Preheat oven to 450°F / 232ºC.
Fold parchment paper in half to create a crease. Unfold the paper and coat it lightly with cooking spray, leaving a two-inch border.

Place ½ cup arugula on one side of the parchment so it touches the fold but not the ungreased border.

Place chicken breast over arugula; sprinkle with ½ teaspoon sage and ½ teaspoon rosemary. Top with 1/4 cup chopped plum tomato.

Add a pinch of salt and black pepper then drizzle with ½ teaspoon olive oil. Top with 1 teaspoon of olives if desired.

Fold parchment paper over the chicken and arugula and seal edges with narrow fold.

Repeat with the remaining parchment paper, chicken and other ingredients.

Place packets on baking sheets. Bake for 20 minutes or until puffy and lightly browned.

To serve, open packets and transfer arugula and chicken breast to plates. Pour juices over top.
 
Even though tonight is Whatever Wednesday and I offerred burgers here is what my kids very enthusiastically requested:

Brown Rice and Lentil Salad (O saw multi colored lentils at Whole Foods and is dying to make this dish again with the "pretty" lentils)

1/2 cup/120ml uncooked brown rice
1/2 cup/120 ml dry lentils
2 cups / 480 ml low sodium chicken or vegetable stock (or water seasoned with 1tsp / 5ml bouillon)
1 tbsp / 15ml extra virgin olive oil
2 cloves garlic pressed (yeah right we use way more)
Juice of 1 fresh lime
2 Tbsp / 30 ml red wine vinegar (can use lemon juice or plain vinegar if that is what you have)
2 tsp / 10ml dijon mustard
1/2 tsp / 2.5 ml sea salt
Freshly ground pepper
3 green onions (I used regular sweet onions as that is what I had)
1 - 2 tomatoes, chopped (I think I used an extra one)
1 tbsp / 15 ml fresh parsley

1. Combine rice and lentils along with stock in medium saucepan and cook until all the water is absorbed, about 40 minutes
2. Remove cooked rice and lentils from heat. Place into salad bowl and fluff with fork...let cool
3. Prepare dressing by combining olive oil, garlic, lime juice, red wine vinegar, mustard, salt and pepper in jar and shake (the jar not you)
4. add chopped green onions, tomatoes and parsley to cooled rice and lentils
5. add dressing. toss to combine. serve chilled.


HINT: I tried to squeeze every bit of lime juice out of my lime and it was a bit to much for me so just a good squeeze should do it. My kids loved it the way it was.

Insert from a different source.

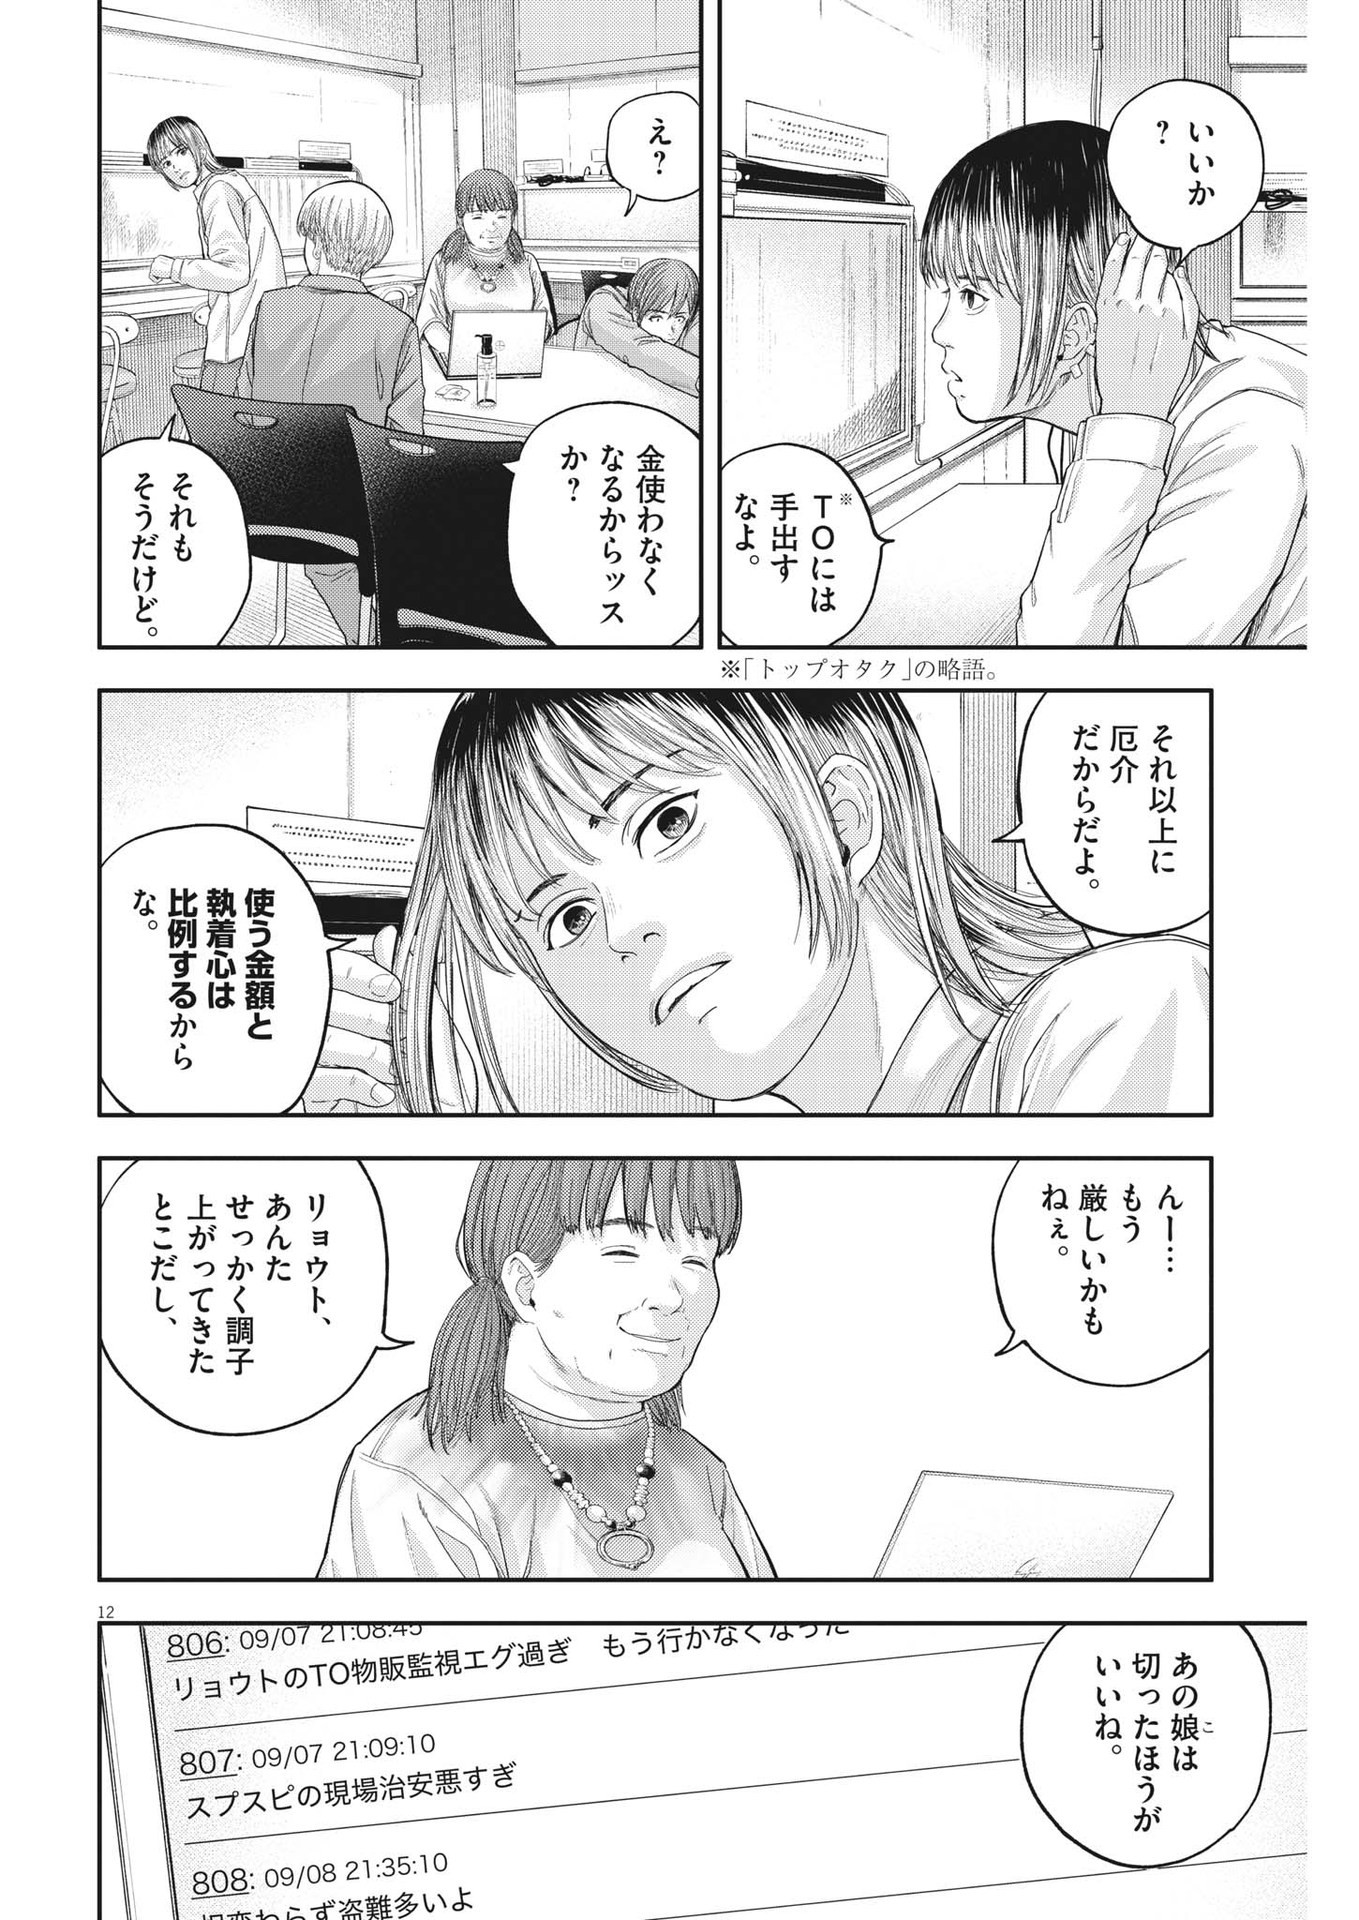 Yumenashi-sensei no Shinroshidou - Chapter 15 - Page 12

This is a complete protein (lentils) and complex card (brown rice). Depending on how you look at it the tomatoes can be your veggie if you like or you could add another veggie or just a nice fruit for dessert.

My kids are making extra of this tonight to bring for lunches to school.
 
Wow, they both sound great!! :thumright:

I've actually made a similar recipe to your above 'chicken' but I used fish (think it was Tilapia).
 
You guys are making me embaressed by my lack of cooking! :blush::blush:
Must get going and try to make something more exciting!
 
Don't worry... 'exciting' and 'new' doesn't happen too often in our home! :D
 
Not sure if this one fits clean but it does fit FODMAP
Baked oatmeal
2 3/4 cup old fashioned oats
1/3 cup brown sugar
4 egg whites lightly beaten
1 1/2 tsp cinnamon
1/4 tsp salt
3 1/3 cup water or milk substitute
Mix in a 9" x9" pan
Bake 350F for 45-60 minutes
Enjoy!!!
 
MLP that sounds delish and I have been looking for something new to make for breakfast. With the exception of brown sugar (brown sugar is processed so if you want to be totally clean you could sub sucanat, honey or agave etc - I posted those conversions a while back) it is totally clean and a perfect complete meal...oats = complex carbs and eggs=protein. I am trying this tomorrow!
 
That IS funny since honey IS REAL! So is sucanot (the absolute most real sugar there is and so many awesome good things in it) and agave nectar...more real than all that white and brown processed stuff...NO fake sweetners on clean diet either...but I would go ahead and use what they say don't want to mess with the Fodmap God's! If you come across any other interesting recipes please post them. I have a feeling a lot of them will be good for clean eating also!
 
Here is that dessert recipe I promised. I used a vanilla flavored protein powder. We also left out thr cranberries (O has issues...psychological) and someone wrote on the website that they added 2 tbsp coconut oil. Oh and yeah...we never eat just one!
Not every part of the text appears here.